Now that he's made the flying leap from primetime wrestling to late-night reruns, Jesse Ventura is the perfect mancandy for "Conspiracy Theory's" target audience. While most of the show's viewers are lonely, angry Internet bullies, Ventura is a lonely, angry real life bully. Just as that one guy from work who spends most of his time editing Wikipedia and trolling sites with a lot of brightly-colored Comic Sans typeface on them has an Alex Jones video for every argument, Jesse Ventura has a different muscle group for sorting out everyone who wants to argue against him. Which is amazing, because most of the things he says are either incomprehensible or so mind-bogglingly bonkers you wish they were.

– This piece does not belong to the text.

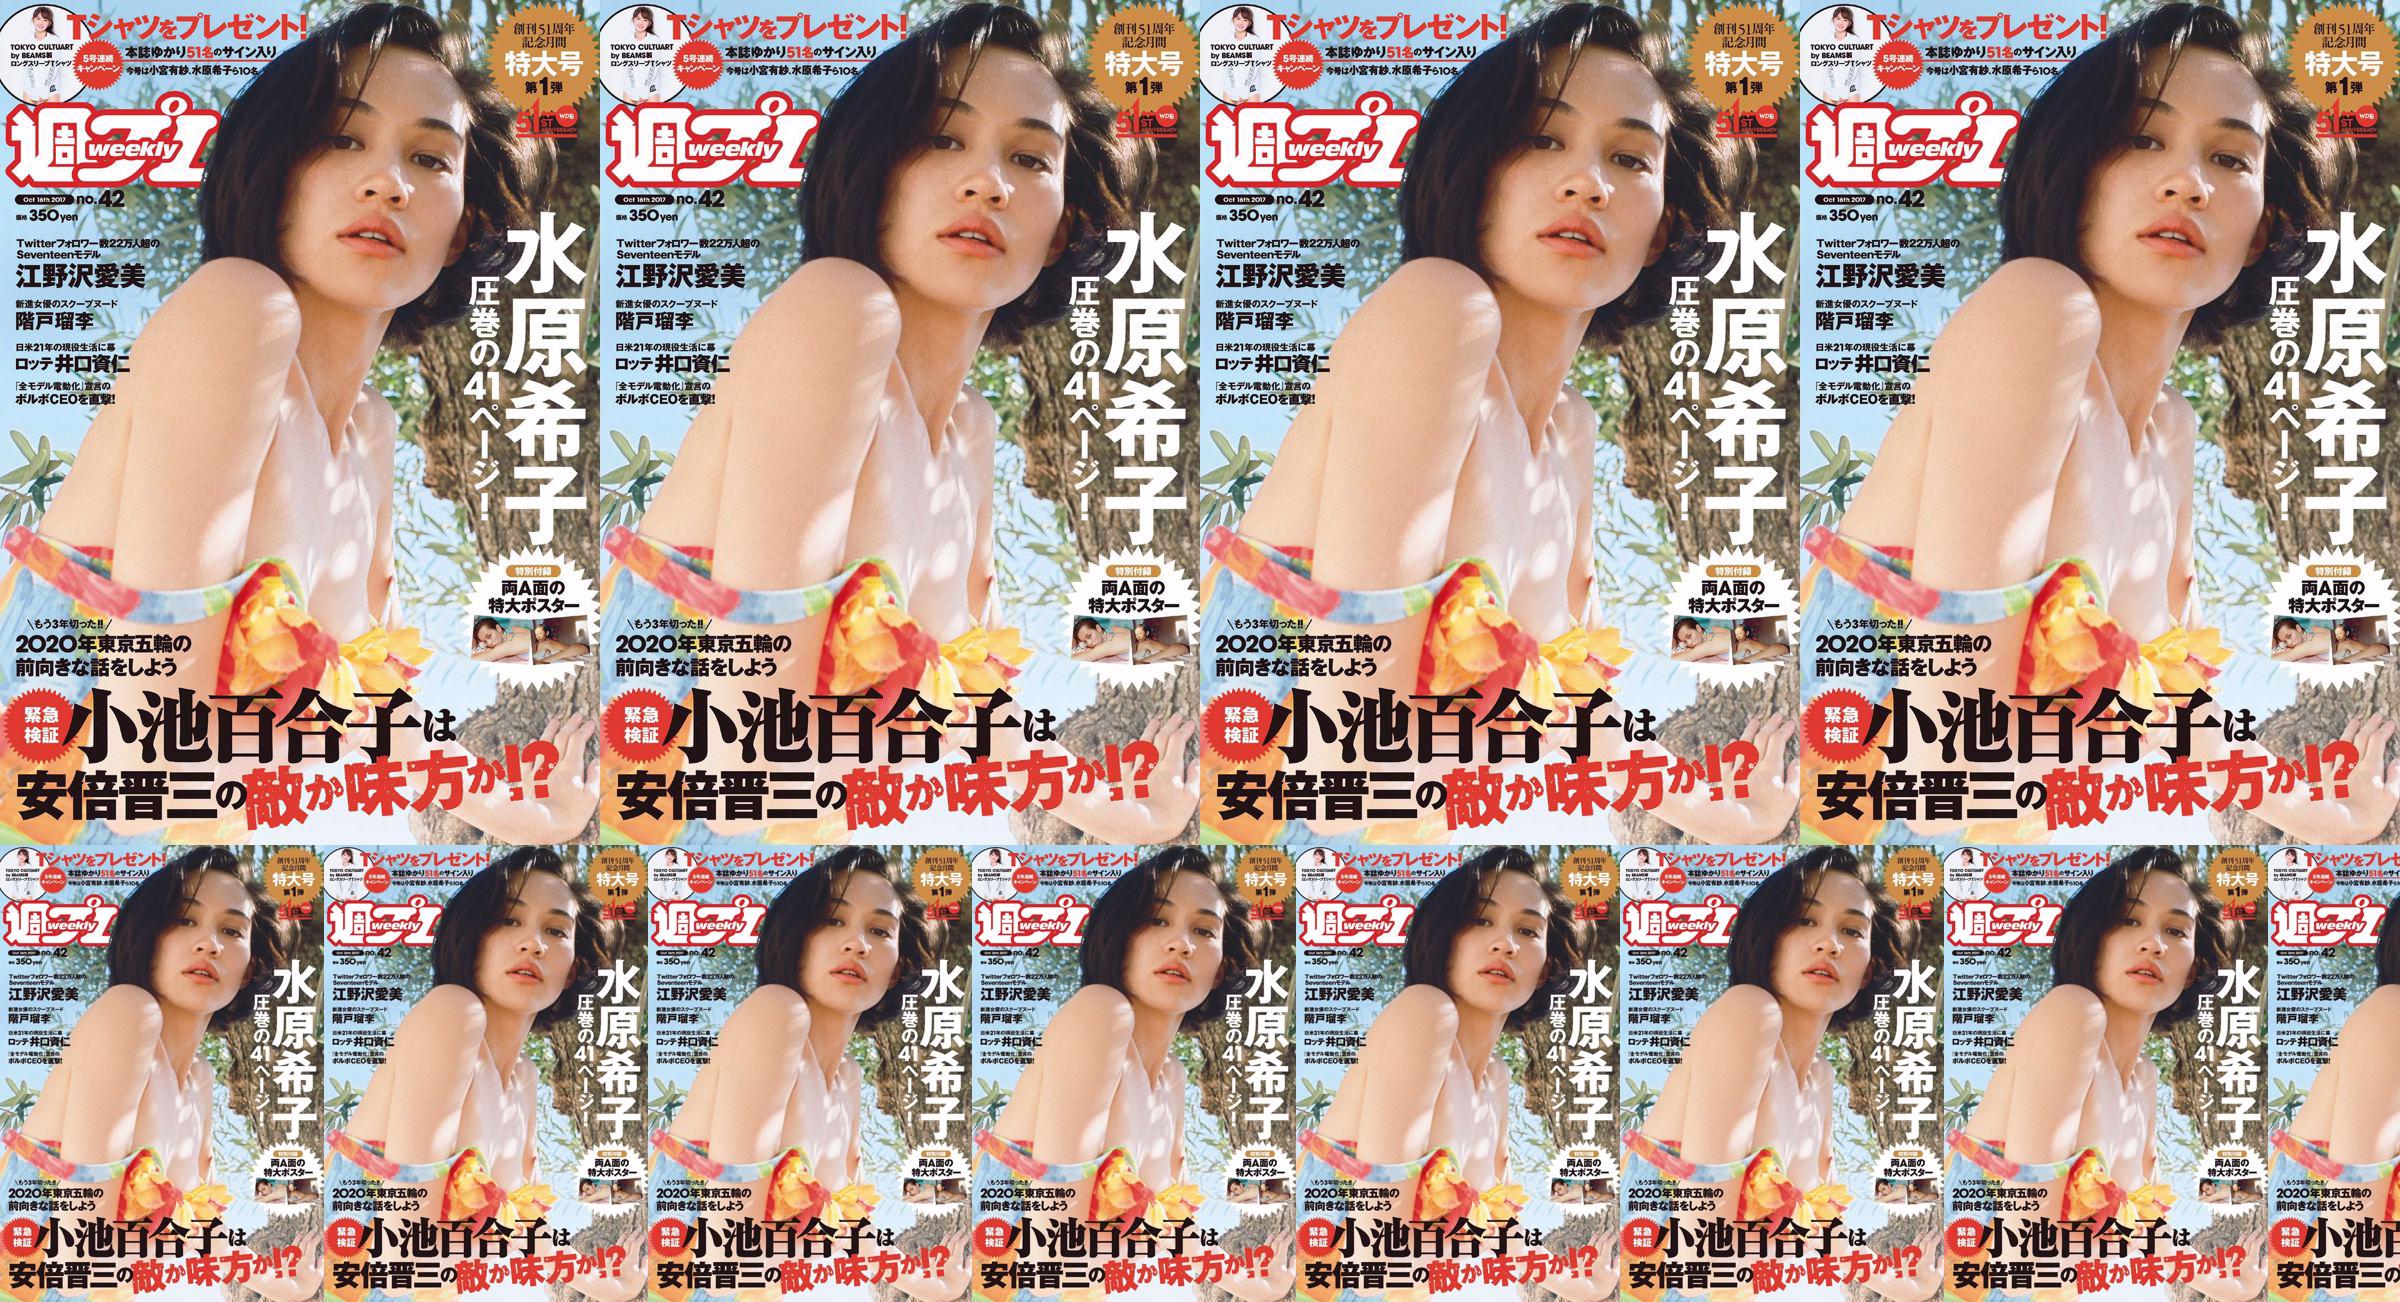 Kiko Mizuhara Manami Enosawa Serina Fukui Miu Nakamura Ruri Shinato [Weekly Playboy] 2017 Majalah Foto No.42 No.dfa0ae Halaman 1

Did you make it more than forty-five seconds? If you did, I'm assuming you're either currently wearing at least one garment made of tinfoil or accidentally clicked on this link while researching your latest Blog post on people who are really telling it like it is in America today, man. In either case, I'm so sorry. Please don't send The Body on us.
The host of television's "Conspiracy Theory" now prefers to go as just Jesse Ventura, but he is often known by his one, most famous acting stage name. We're referring, of course, to Abraxas, Guardian of the Universe. Elsewhere, the man who actually considers himself a pre-eminent American thinker also goes by "The Mind," "The Governing Body," and "The Governor of Minnesota...Wait, I'm Not Anymore? Okay, Well, Fuck It." In reviewing with his agent, it was decided that "The Body That Hosts A Shitty, Viewerless, Hourlong Mockery of American History and Basic Reasoning Faculties In General" didn't have quite the same ring as just "The Body."
"Conspiracy Theory" follows the host as he travels to remote places making amazing and controversial statements like "did the government kill JFK?" and "do the Freemasons control the world?" and every other trite idea that kid from your undergrad's Philosophy Club ruined your first party of the semester with. That's right. Trite. We said it. Feel the burn.
The show is essentially like every other conspiracy theory show the History Channel and Syfy play when their ratings are down, which is to say, all the time. It takes itself so seriously, even the dramatic re-enactments are blurry and nonsensical. It jump-cuts like an overcaffeinated child with suicidal tendencies. The narration is loud, ominous and jarring. But every episode is ultimately fruitless, as the "theories" remain as unproven as the day they were copped by the show's lazy staff.
Well, almost fruitless.
"The government chose my wardrobe in an attempt to discredit me."
The staff long ago realized that if its good enough for "History's Mysteries," "Unexplained History," "Unexplained Mysteries," and the other half-dozen shameless clones of Leonard Nimoy's post-Star Trek career it's good enough for The Body. And if it's good enough for The Body, it's good enough for your body. Unless your body wants to be in gauze for the rest of its life, that is.